Earlier Relief Package Excluded Many Vulnerable Families

Workers line up to enter the Tyson Foods port processing plant in Logansport, Indiana, May 7, 2020. © 2020 AP Photo/Michael Conroy

This week, United States lawmakers are considering the next Covid-19 relief package. The US has now surpassed four million positive cases of the novel coronavirus, while 1.4 million more workers filed for unemployment insurance just last week. Congress should enact a relief bill that protects all those affected, including immigrants, who are among the most disproportionately impacted by the pandemic.

Covid-19 relief bills should assist immigrant families – even if some of their members are unauthorized – whose rights to adequate housing, food, health, and more are increasingly at risk.

As of 2018, there were over 44 million foreign-born people living in the US, including eight million unauthorized workers and 12.6 million children (including US citizens) living with at least one noncitizen in their household. Effective public health and economic safety requires the protection of all community members regardless of immigration status. Many are among the nearly 60 million Latinos in the US, one of the largest nonwhite groups of voters in 2020, who were already facing persistent income inequality and disparities in wealth before being hit hard by the pandemic.

Immigrants are especially vulnerable in this pandemic because many are in jobs on the front lines. Many essential workers, including doctors, nurses and medical staff, maintenance workers, delivery persons, farmworkers, foodservice staff, meat processing workers, and street vendors, are immigrants.

Additionally, fear of the US government’s harsh immigration enforcement measures may keep immigrant families from seeking financial relief or medical care.

The CARES Act relief package enacted in March does not provide enough access to assistance, testing, and treatment for immigrant community members. It also requires that recipients of relief funds for basic necessities have a social security number. This has excluded many from the benefits, including US citizens married to immigrants filing taxes without a social security number and US citizen children, as well as millions of undocumented persons, many of whom pay taxes.

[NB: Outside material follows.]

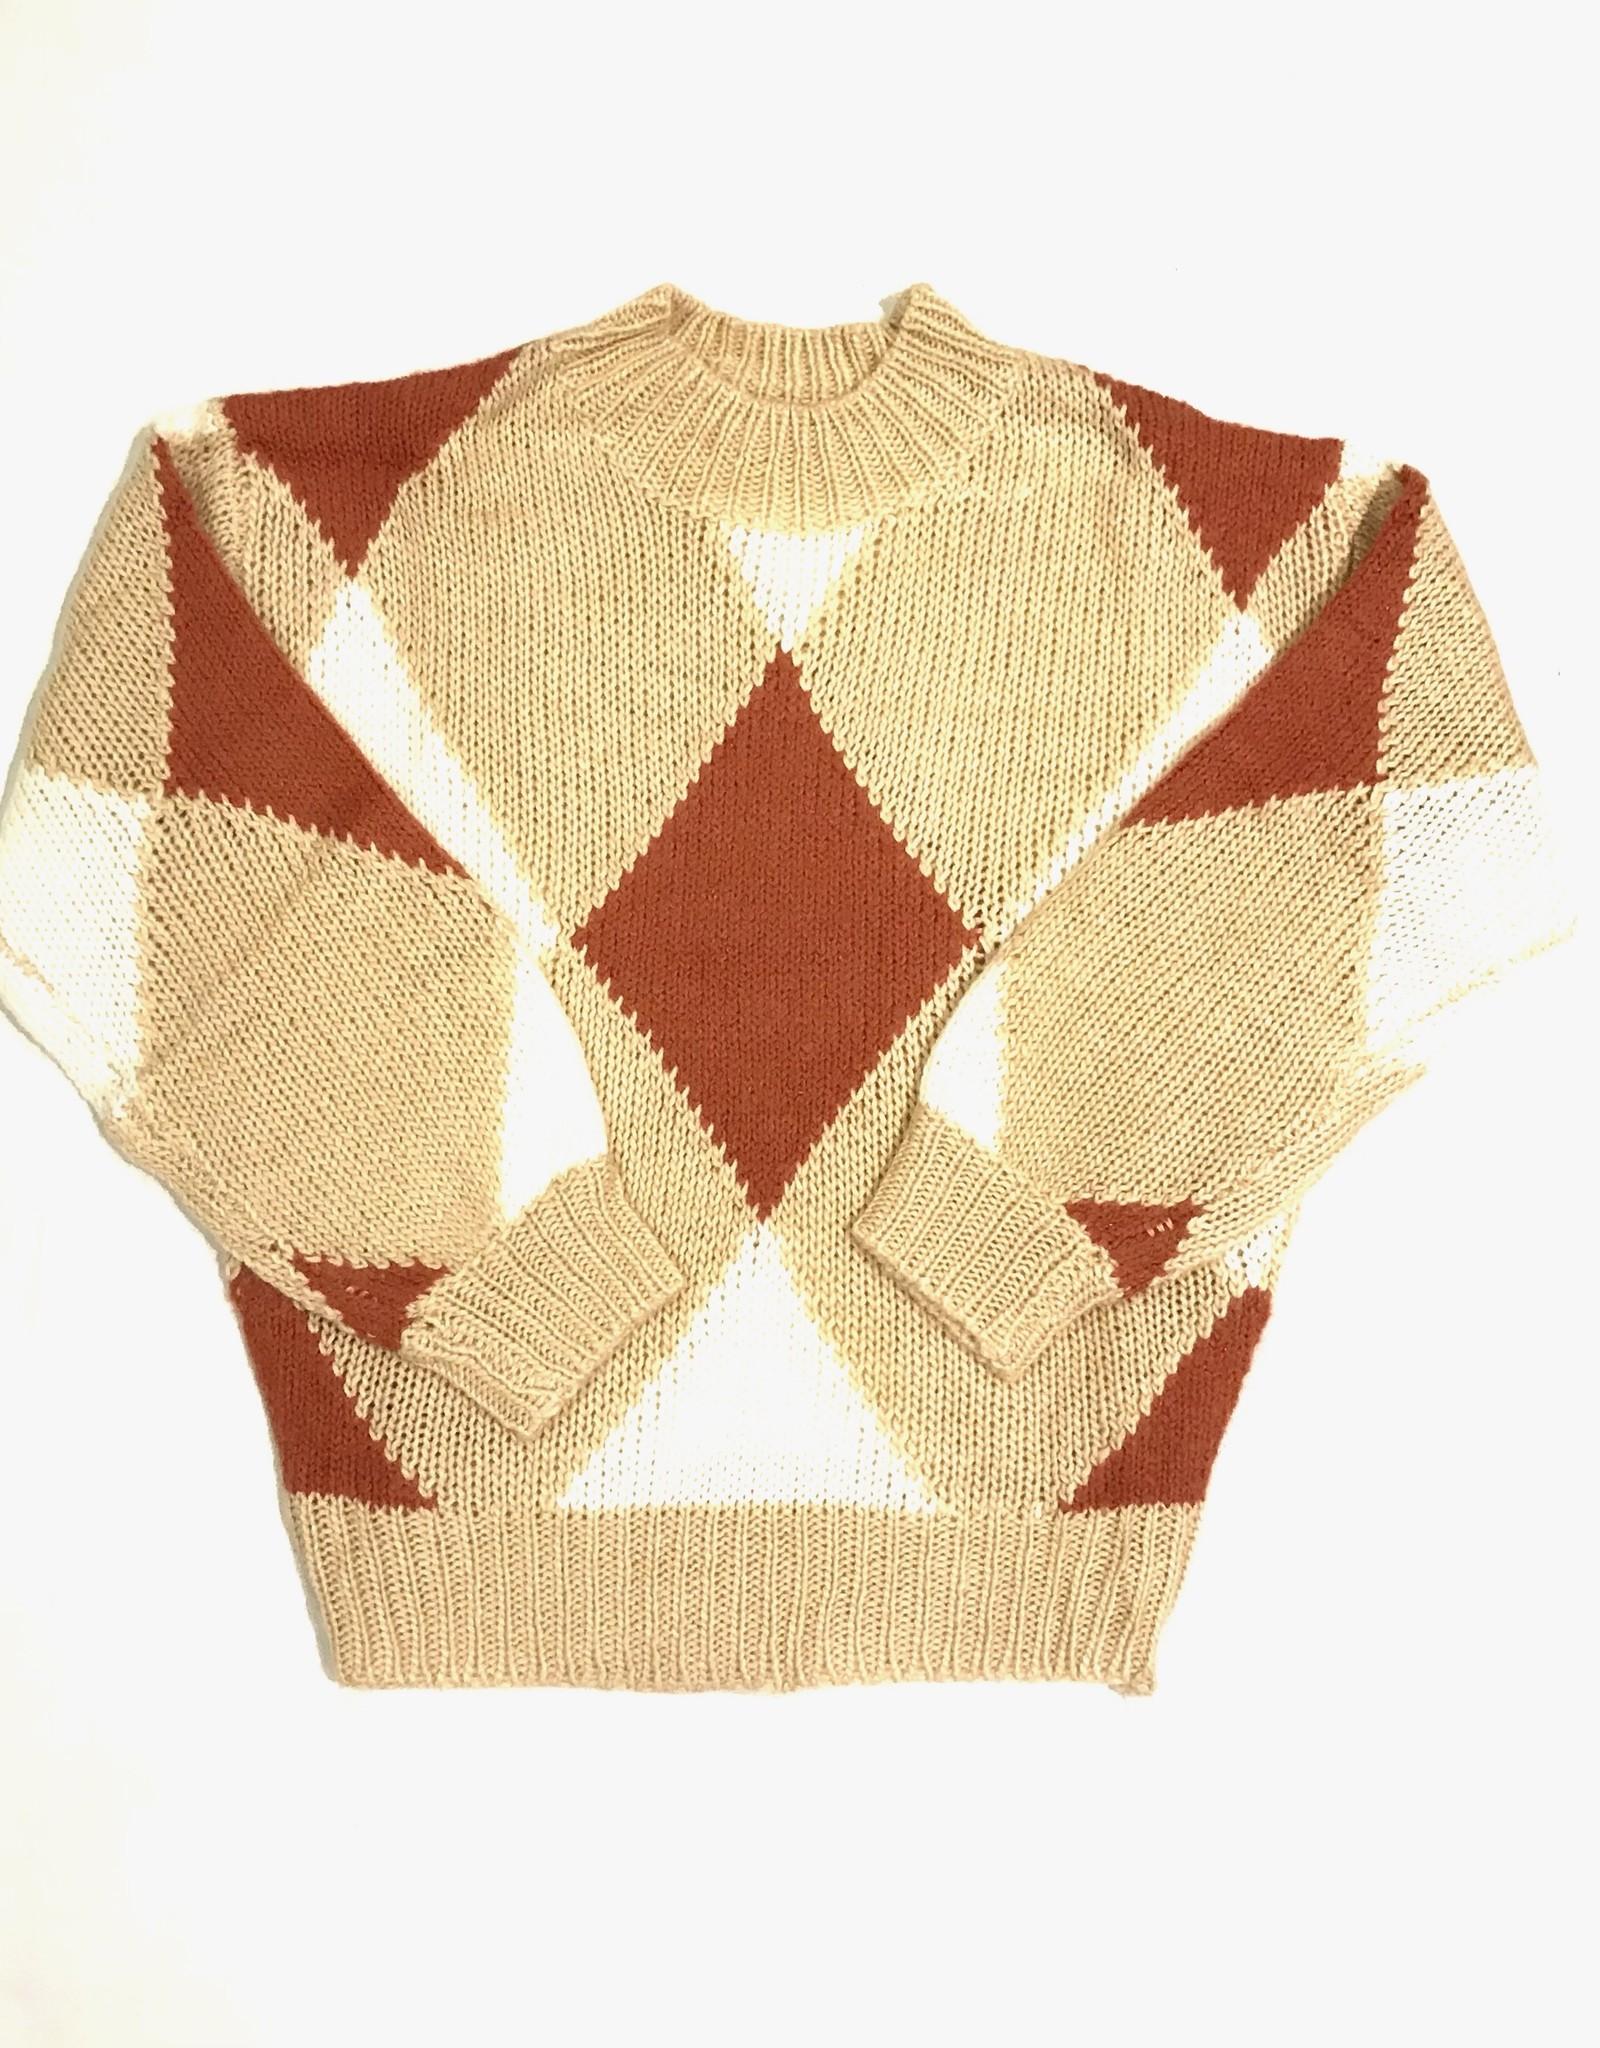 lush argyle mockneck sweater LT16099

Members of the House of Representatives and Senate have introduced the Coronavirus Immigrant Families Protection Act, a federal relief bill that would prohibit discrimination based on immigration status in accessing relief funds. The House of Representatives also recently passed the HEROES Act, which includes several provisions that protect immigrants

 

Inclusion without discrimination protects lives, supports the economy, and, simply, is the right course for the US government to take to protect the rights of all community members.